Tip: If you want more than 100 shareholders, you can circumvent the 100-shareholder limitation by forming two S corporations and joining them in a partnership or limited liability company. The 100-shareholder limitation applies to each S corporation.
Offers the limited liability of a corporation
Because the entity is a corporation, the shareholders of an S corporation are generally
insulated from personal liability. Liability for corporate action is limited to the extent of the shareholders' investments in the corporation (what they paid for their shares). This is referred to as limited liability.
Caution: The limited liability feature may be lost if, for example, the corporation acts
in bad faith, fails to observe corporate formalities (e.g., organizational meetings), has its assets drained (e.g., unreasonably high salaries paid to shareholder-employees), is inadequately funded, or has its funds commingled with shareholders' funds. A corporation's loss of its limited liability feature is referred to as the piercing of the corporate veil.
Tip: Corporate liability insurance can be bought to cover any potential losses if the
corporate veil is pierced. However, insurance may not be available for acts of bad faith, fraud, and the like.

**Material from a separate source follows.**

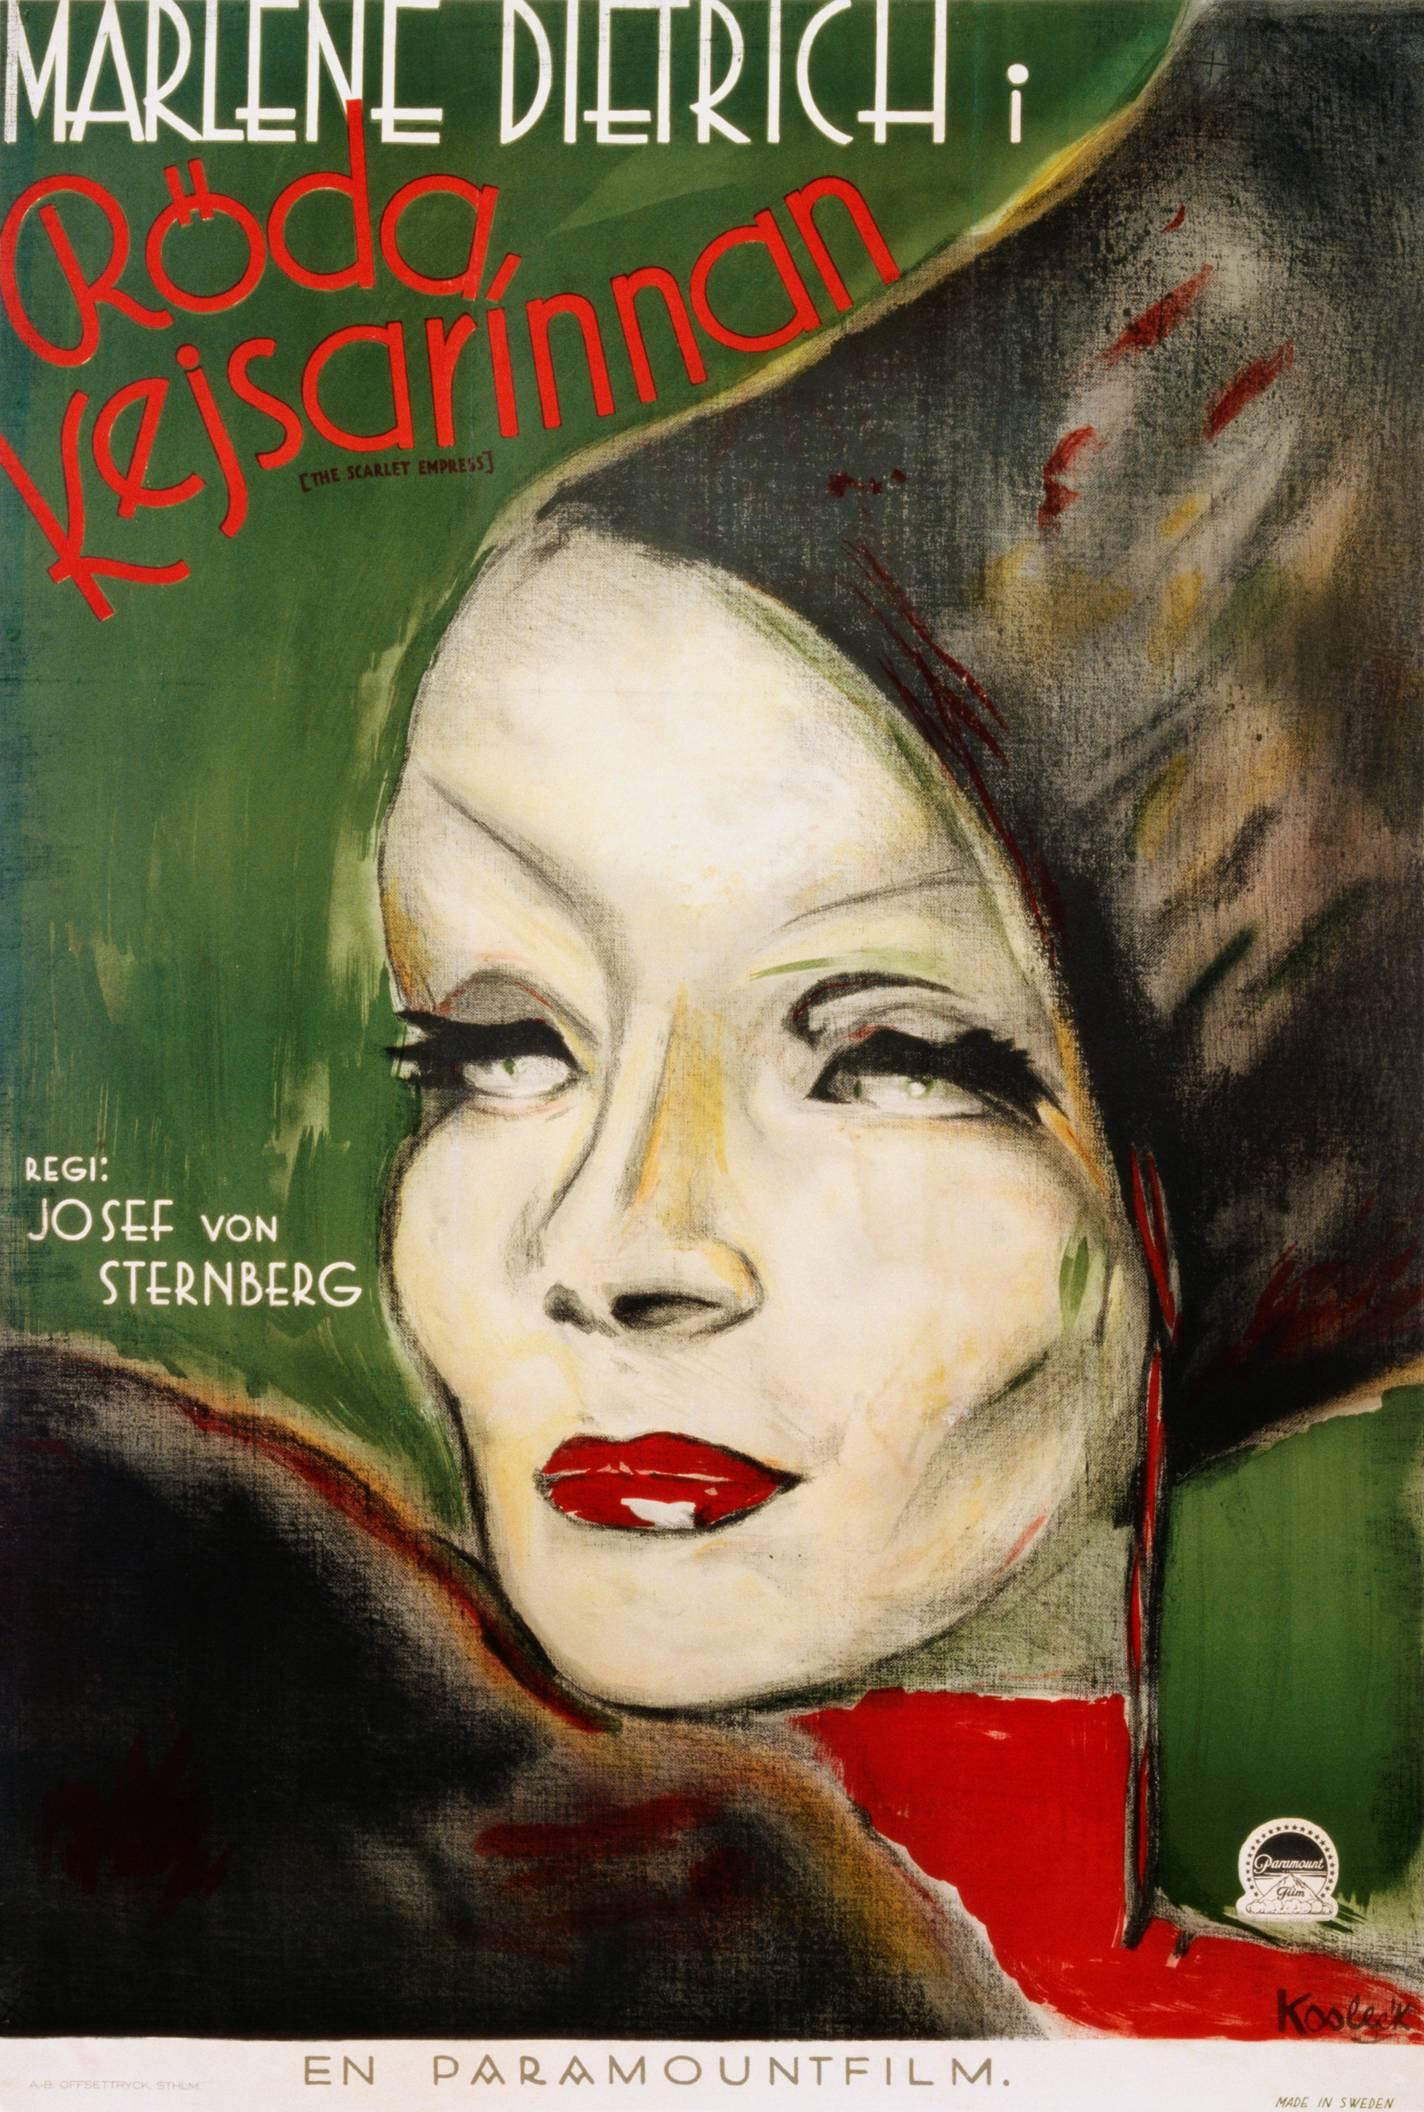 Marlene Dietrich in The Scarlet Empress (1934)

Has pass-through taxation like a partnership
S corporation status offers the company and its shareholders pass-through taxation
similar to a partnership. Income, losses, deductions, and tax credits pass through to the individual shareholders in proportion to the level of ownership (more about that in the tax section). This is a major distinction from the double taxation of a C corporation.

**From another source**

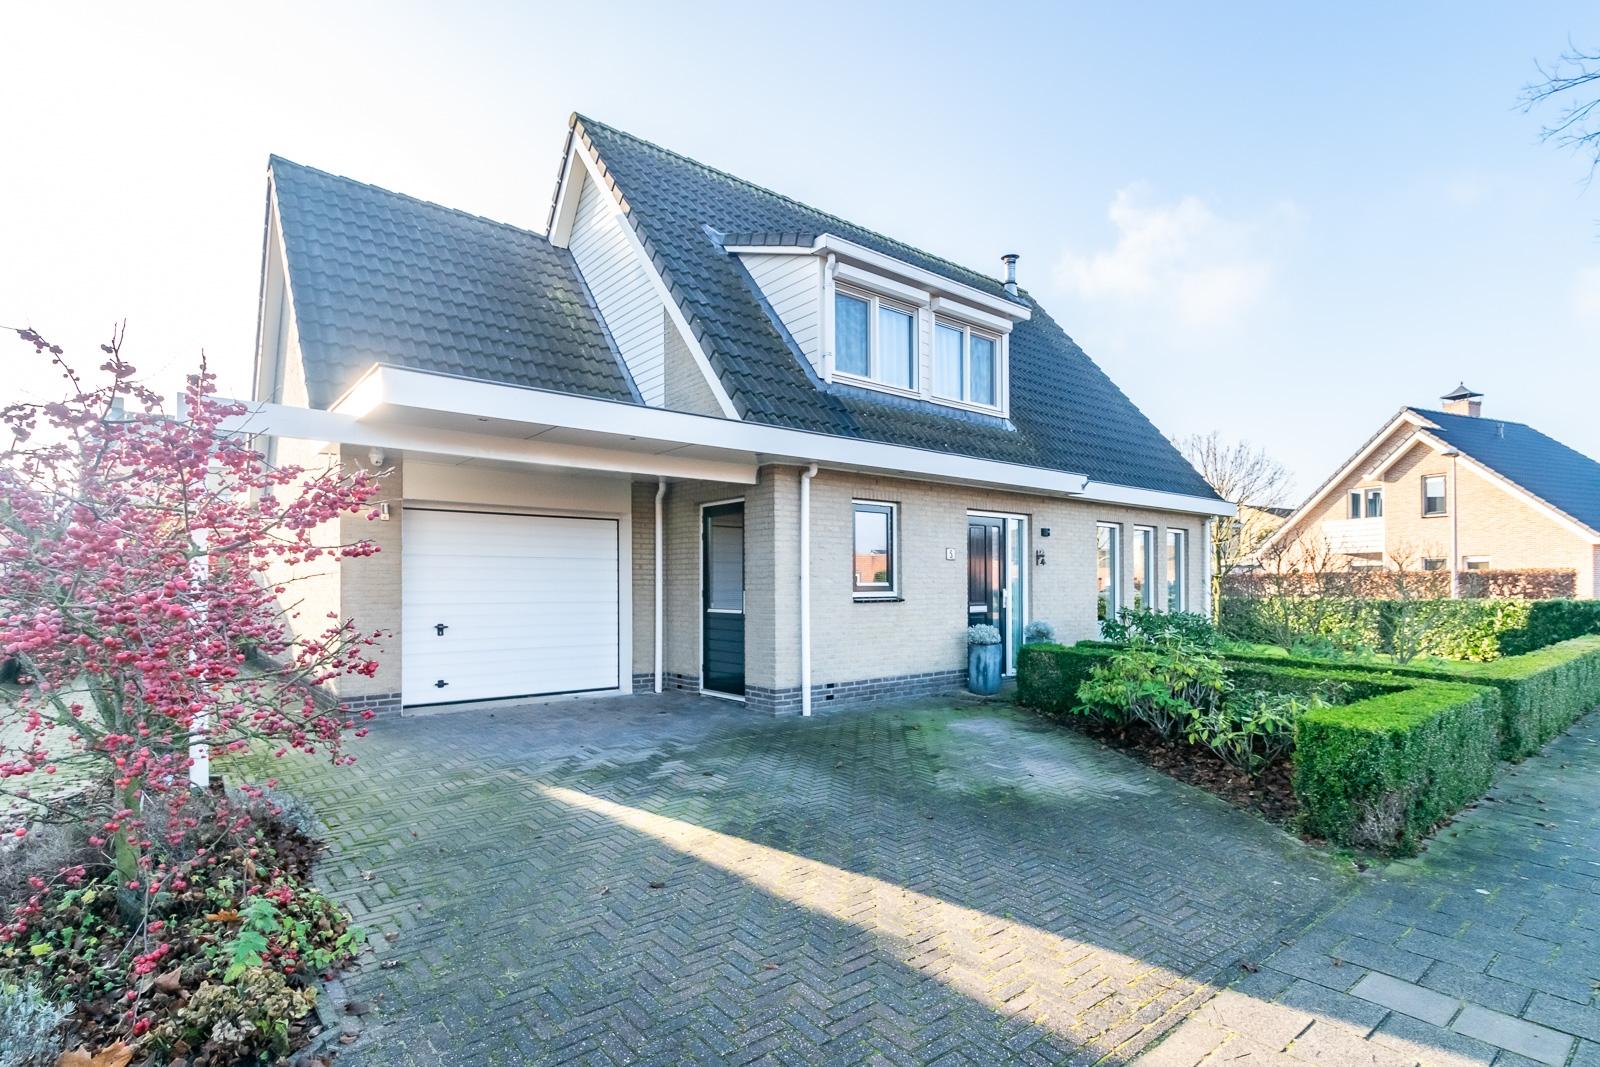 Te koop: Bittervoorn 5, 7908 VG Hoogeveen

Note: For tax years beginning prior to January 1, 2003, dividends were taxed as
ordinary income. Several pieces of legislation have attempted to mitigate some
of the burden of double taxation on a C corporation, by providing that dividends
received by an individual shareholder from domestic corporations (and qualified
foreign corporations) are taxed at lower long-term capital gains tax rates. Most
recently, in general, the American Taxpayer Relief Act of 2012 permanently
extended the preferential income tax treatment of qualified dividends and
capital gains. Capital gains and qualified dividends are generally taxed at 0%
for taxpayers in the 10% and 15% tax brackets, and at 15% for taxpayers in the
25% to 35% tax brackets. However, starting in 2013, dividends and capital gains
are generally taxed at 20% for taxpayers in the new 39.6% tax bracket for
high-income taxpayers. Also, as a result of the Affordable Care Act of 2010,
beginning in 2013, an additional 3.8% Medicare tax applies to some or all of the
investment income for married filers whose modified adjusted gross income
exceeds $250,000 and single filers whose modified adjusted gross income is above
Like a C corporation, an S corporation offers centralized management through its
board of directors. Shareholders indirectly participate in management by electing the board of directors and by voting on certain corporate issues.
Continuity of life
An S corporation can "live" forever. The entity itself continues to exist after the
death, bankruptcy, retirement, insanity, expulsion, or resignation of an owner.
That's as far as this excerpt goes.